European Youth Olympic Festival to kick off in Sarajevo this weekend

Ilustracija

The European Youth Olympic Festival (EYOF) is scheduled to kick off in Sarajevo on Sunday, exactly 35 years after the 1984 Winter Olympic Games were held in Bosnia's capital. Billed as the largest sports event since the 1984 Olympics to be held in the region, EYOF will bring together more than 1,500 European athletes from 14 to 18 years of age.

The organisers hope that the event would restore some of the Olympic spirit of togetherness to the city which had once employed thousand of young volunteers from across the now divided city to help organise the only Olympics Yugoslavia ever hosted.

EYOF will open at the city’s Kosevo stadium, officially named after the famous Bosnian footballer Asim Ferhatovic, and which is the same place where Croatian figure skater Sanda Dubravcic had lit the Olympic flame in February 1984.

The festival will last until February 16 with winter sports athletes competing in Alpine and Nordic skiing events, snowboarding, figure and speed skating, and ice hockey.

This will also be the first time since the end of the 1992-95 Bosnian War that the country’s two autonomous entities would organise a large event together.

The hosts of the event are today’s Sarajevo and East Sarajevo, two successors to what was once a single city, which has been divided into two separate administration areas by the 1995 Dayton agreement which ended the war.

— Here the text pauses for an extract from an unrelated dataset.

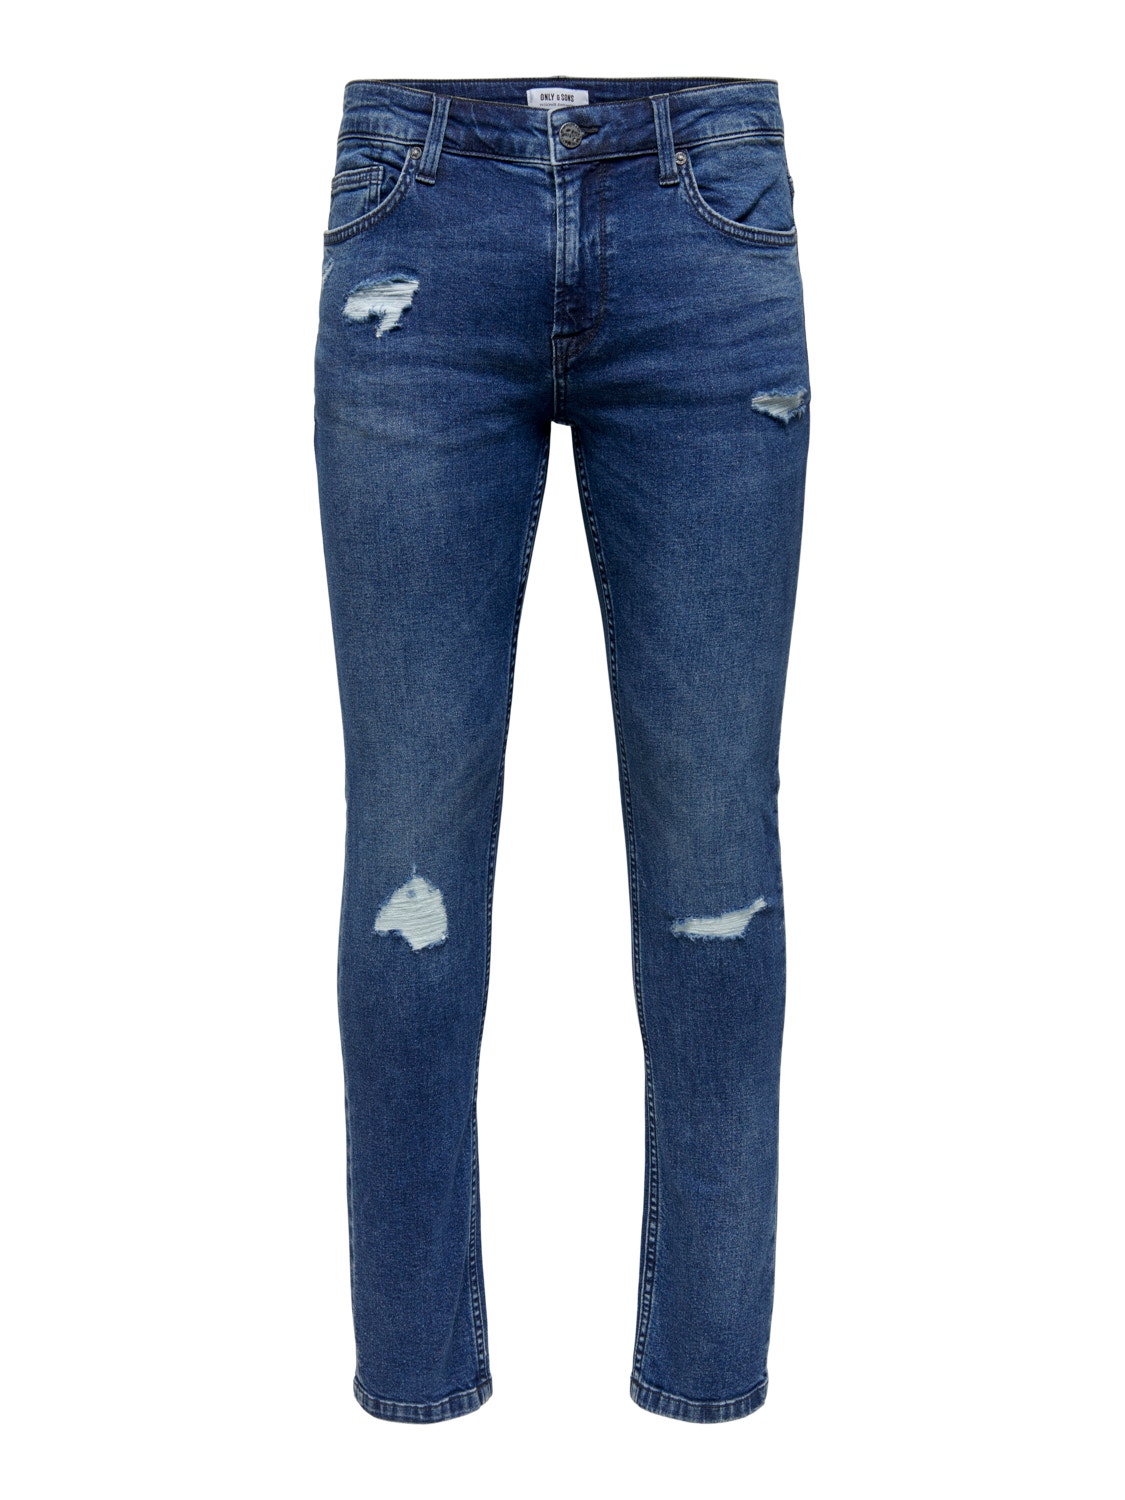 ONLY & SONS Jeans Slim Fit Taille moyenne Ourlé destroy -Blue Denim - 22022374

Located in a valley surrounded by mountains, the sports facilities on the nearby Bjelasnica and Igman mountains are run by Sarajevo, whereas mount Jahorina is controlled by East Sarajevo.

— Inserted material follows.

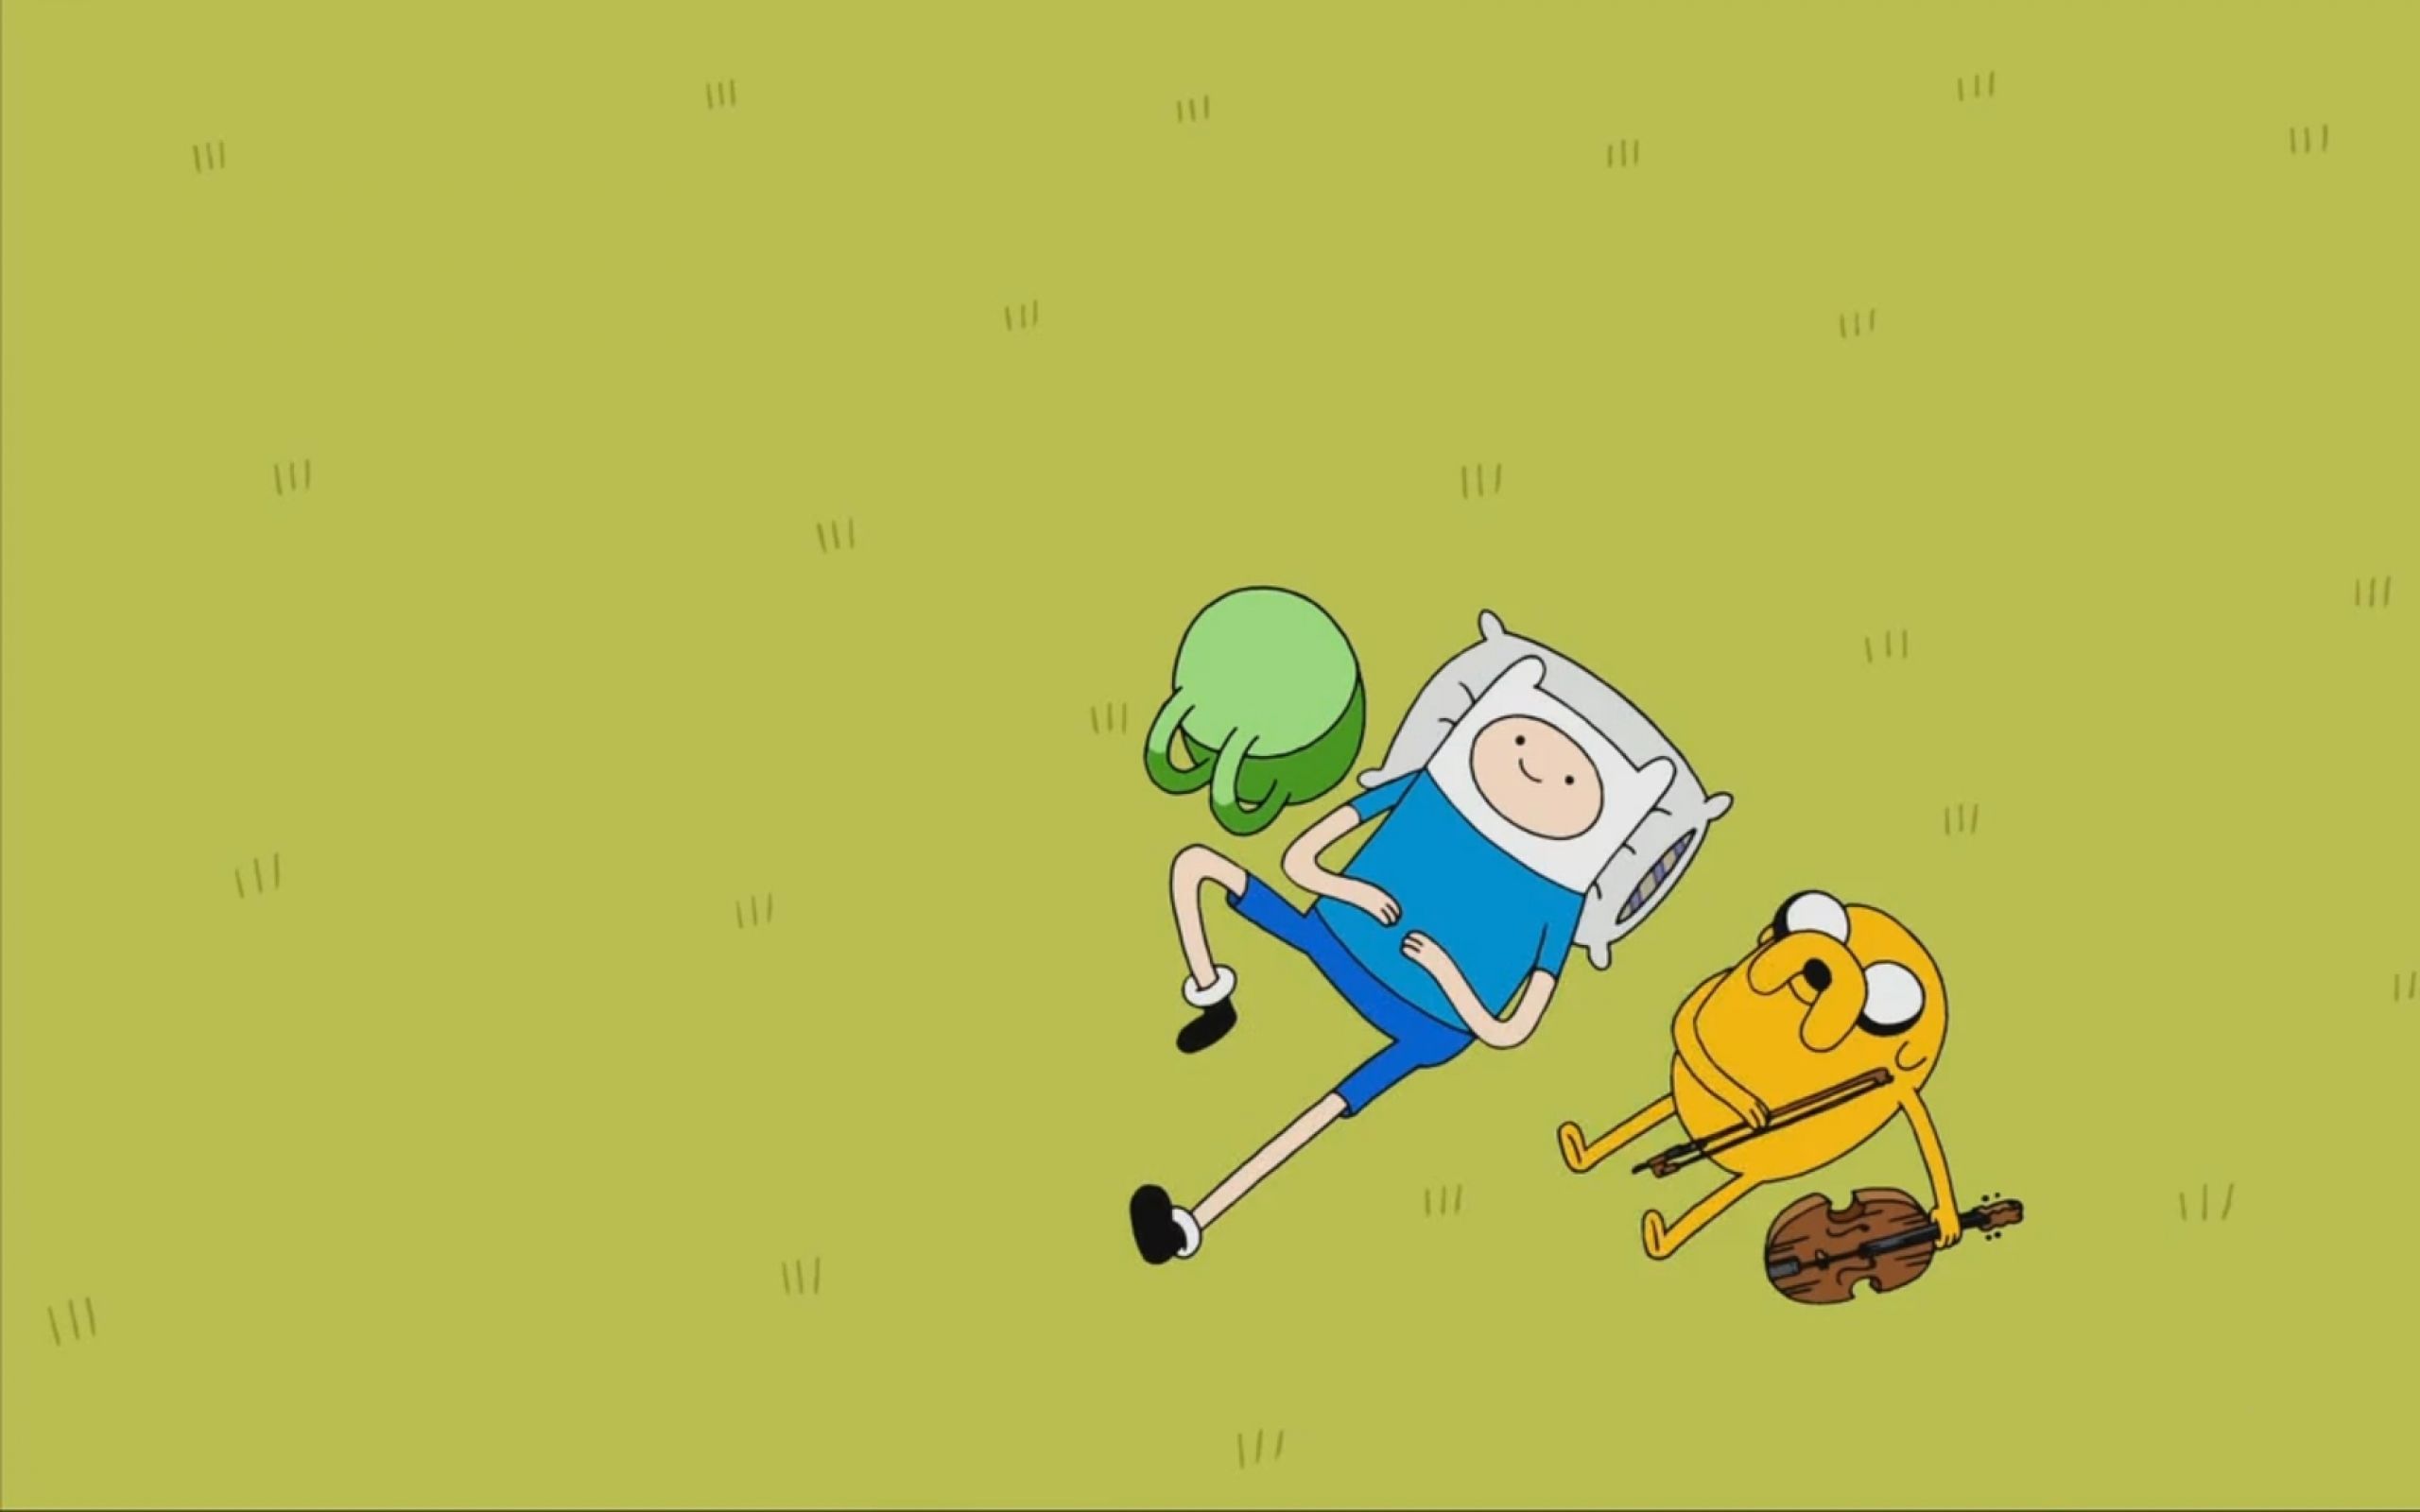 Finn and Jake lying on the grass - Adventure Time

Sarajevo deputy mayor, Ivica Saric, told Croatian state agency Hina that the event will be a unique experience.

“The beauty and importance of EYOF is also a test for the Olympic city of Sarajevo and the still living memory of the 1984 Olympics, which at the time, were the best organised Winter Olympics until then, as the then International Olympic Committee head, Juan Antonio Samaranch, said,” said Saric.

“The main message to young people is to remember the Winter Olympics of 1984, understand those messages of peace, and that we should never let the evil that happened happen again,” Saric told Hina.